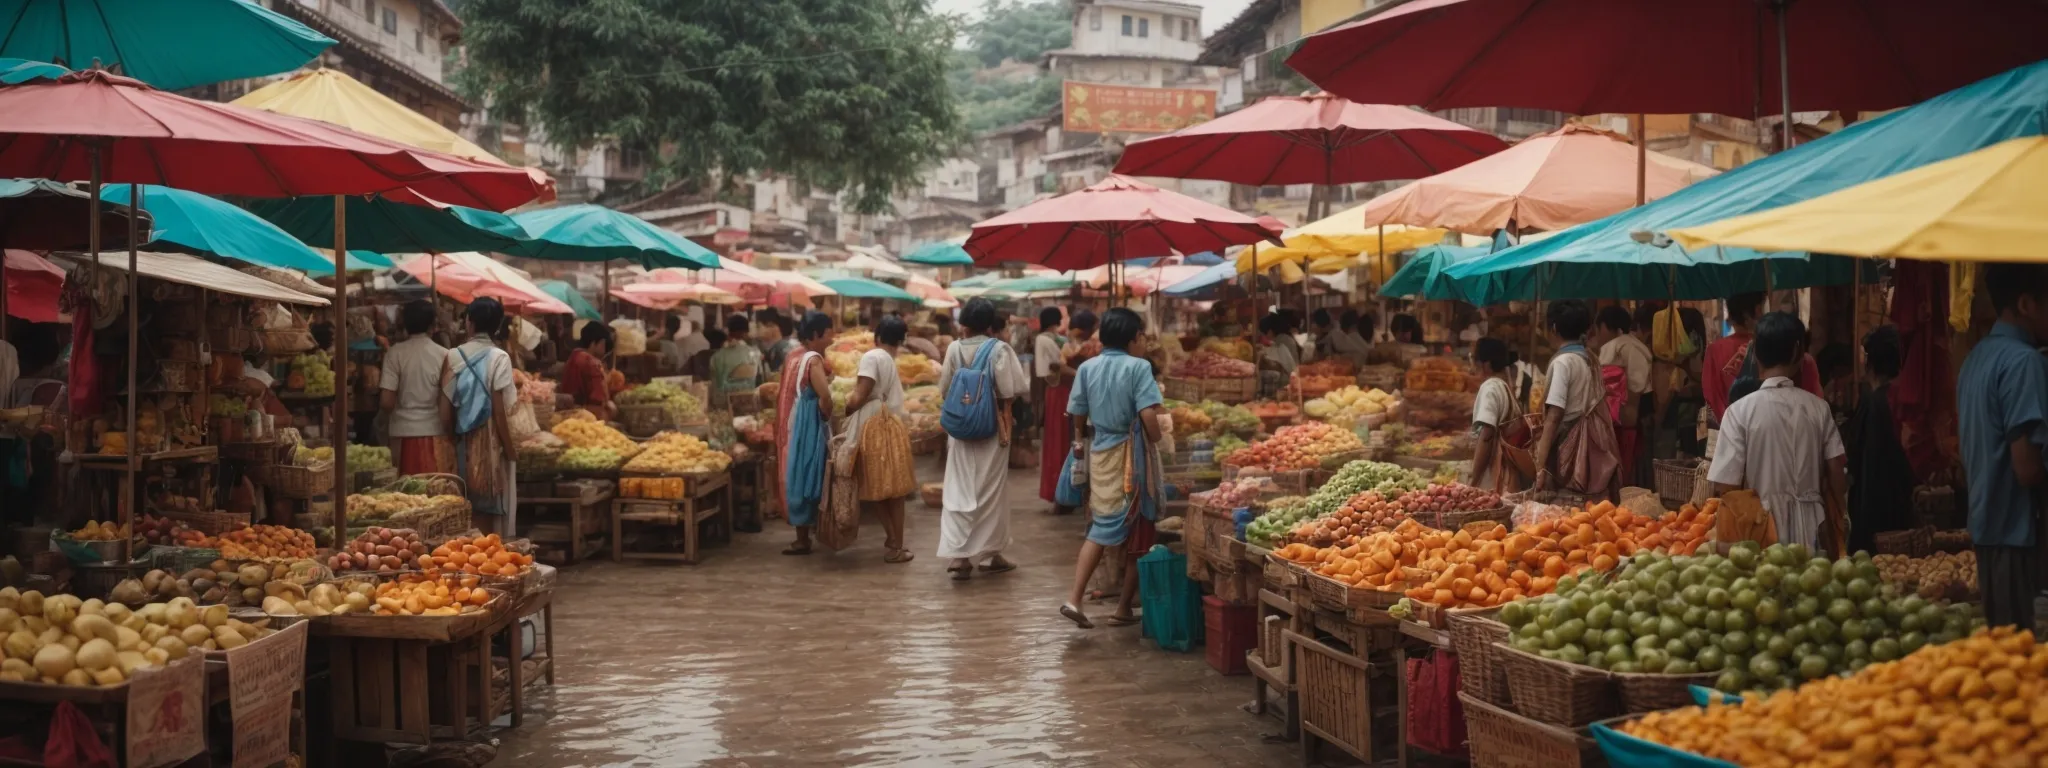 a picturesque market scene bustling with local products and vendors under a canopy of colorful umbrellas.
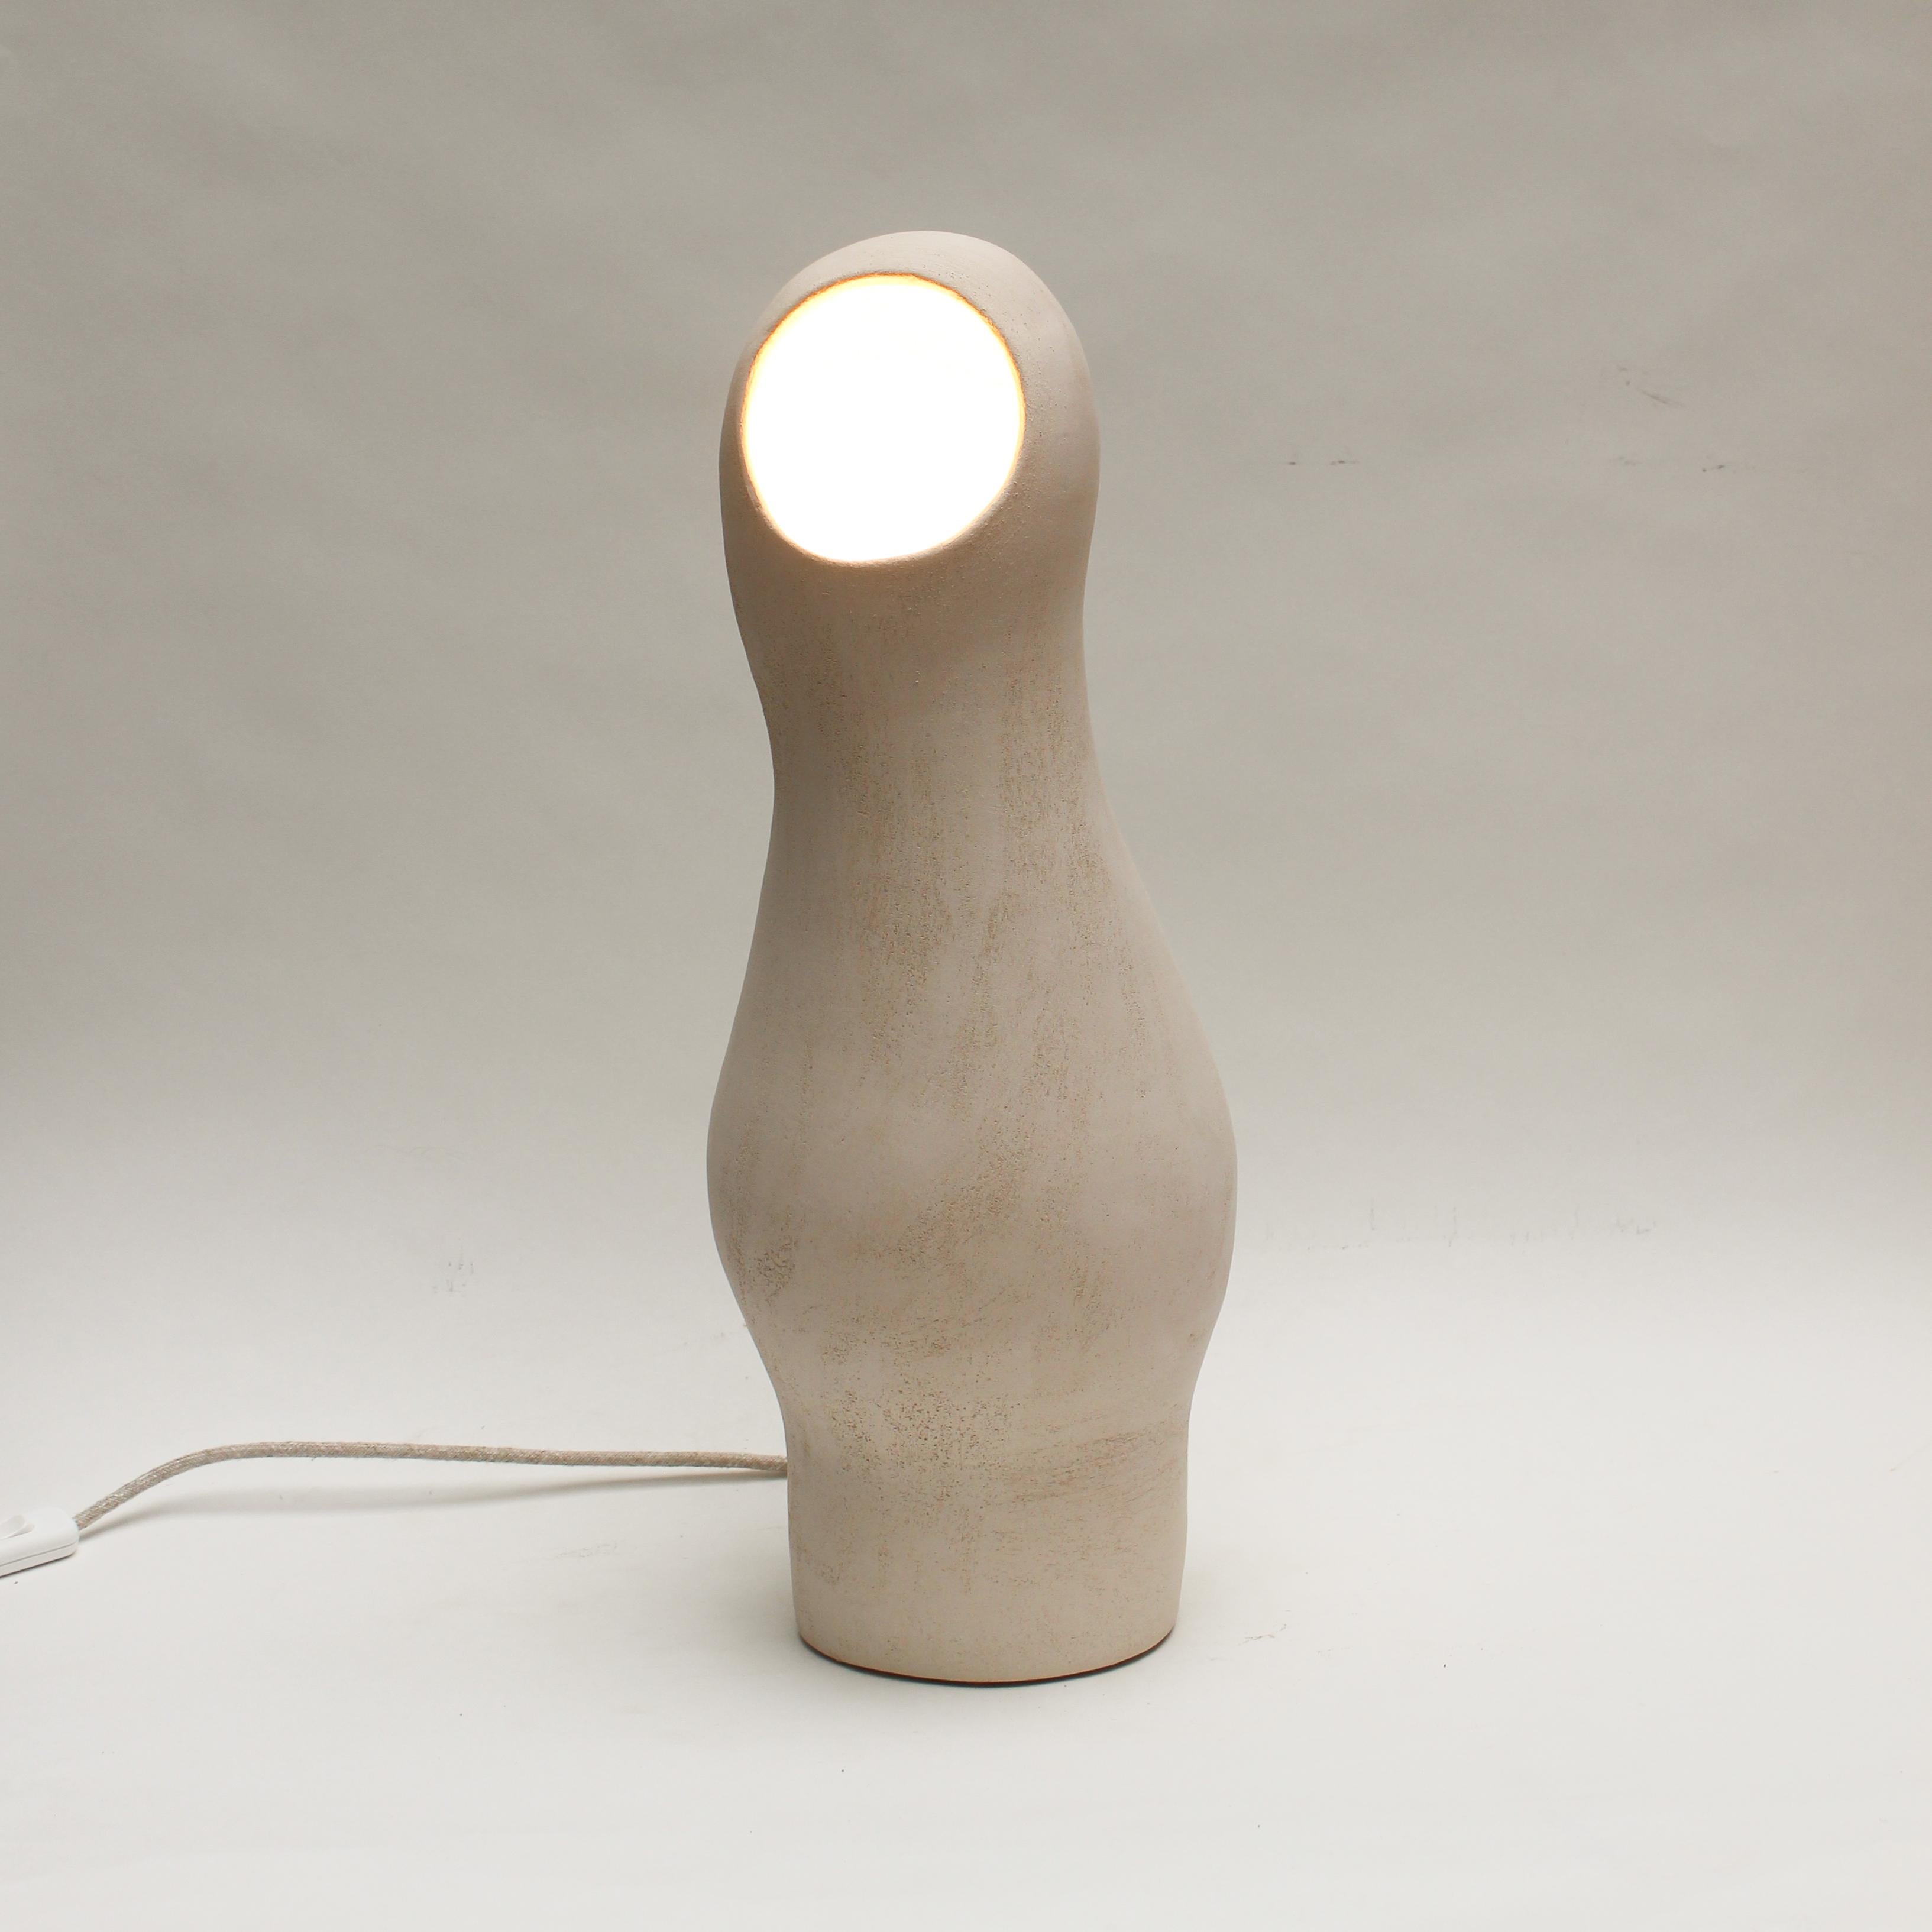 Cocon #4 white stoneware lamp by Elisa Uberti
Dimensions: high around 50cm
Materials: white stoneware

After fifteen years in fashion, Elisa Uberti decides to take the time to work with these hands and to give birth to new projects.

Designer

################

### What is being asked
Transcribe all the records above word for word, without their images.

### Response for this exercise
 a picturesque market scene bustling with local products and vendors under a canopy of colorful umbrellas.
 Cocon #4 white stoneware lamp by Elisa Uberti
Dimensions: high around 50cm
Materials: white stoneware

After fifteen years in fashion, Elisa Uberti decides to take the time to work with these hands and to give birth to new projects.

Designer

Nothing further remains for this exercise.